Public inquiry reports into major crises (including non-cyber ones) consistently show the same themes: missed warning signs, ineffective leadership, ignored audit findings and failed whistleblowing channels.
“You’ve been told. You had audit reports. You had test reports. You had previous incidents. In fact, there was another company just last week that had an incident like this and you just wiped your brow and moved on,” notes Armstrong-Smith.
HR’s role in building human-centric security
So how can HR turn culture into a defence, rather than a risk factor?

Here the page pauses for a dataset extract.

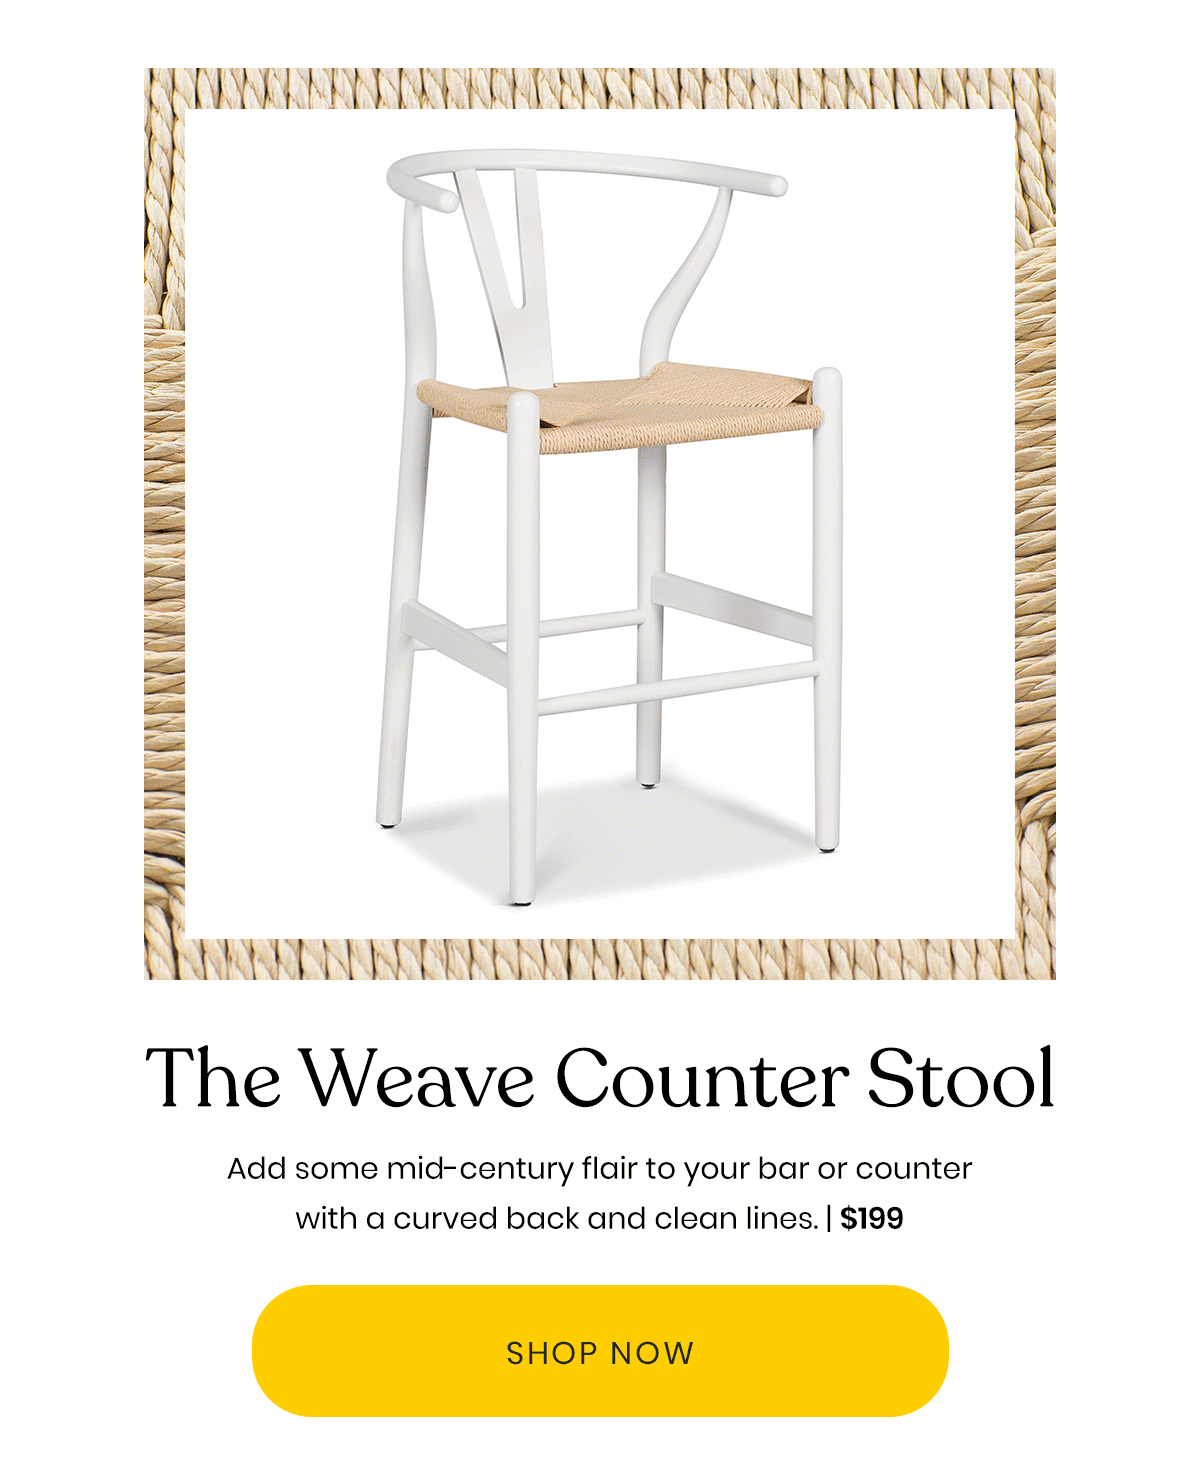 The Weave Counter Stool | Add some mid-century flair to your bar or counter with a curved back and clean lines. | $199 | Shop Now

Armstrong-Smith outlines a vision for human-centric security, one rooted in empathy, empowerment, transparency and readiness. And it’s HR, not IT, that holds the keys to embedding this at scale.
-
Build psychological safety
Employees must feel safe to admit mistakes or raise concerns, especially when the stakes are high. HR leaders should review whistleblowing processes, examine disciplinary patterns and create environments where early reporting is seen as a strength rather than a weakness.
-
Empower people to say no
Attackers rely on urgency. Cultures that reward unquestioning compliance are easier to exploit. Train employees, including those at junior levels, to pause, question and verify. Make this the norm, not the exception.
-
Embrace the red
Too often senior leaders prefer PowerPoint slides with green traffic lights and neat graphs. But if the underlying reality is risk-laden, optimism becomes dangerous. HR should help foster board cultures that welcome difficult truths.
-
Prepare for the worst day
Most business continuity plans are process-heavy and people-light. HR must ensure that cyber preparedness includes emotional and leadership readiness for the stress, blame, confusion and decision-making that follow an attack. As Armstrong-Smith says: “Train like you fight to fight like you train.”
-
Support leadership under pressure
Executives are often the most targeted in cyberattacks, impersonated in phishing, manipulated for access or overloaded with responsibility. HR must provide support, training and systems that reduce single points of failure.
Where culture meets risk
Armstrong-Smith calls for empathy and empowerment not just as cultural values but as strategic defences. Cyber attackers will keep coming. AI will make them faster, harder to detect and more persuasive. But your best defence is still your people, as long as they feel safe, valued and equipped to act.
In the end the weakest link in your organisation is not your people. It’s what they’ve been led to believe: that mistakes are fatal, that silence is safer, that nobody is listening.
If HR can change that belief and build cultures of care, courage and accountability then the risk doesn’t disappear. But it becomes visible. And visibility is the first step to protection.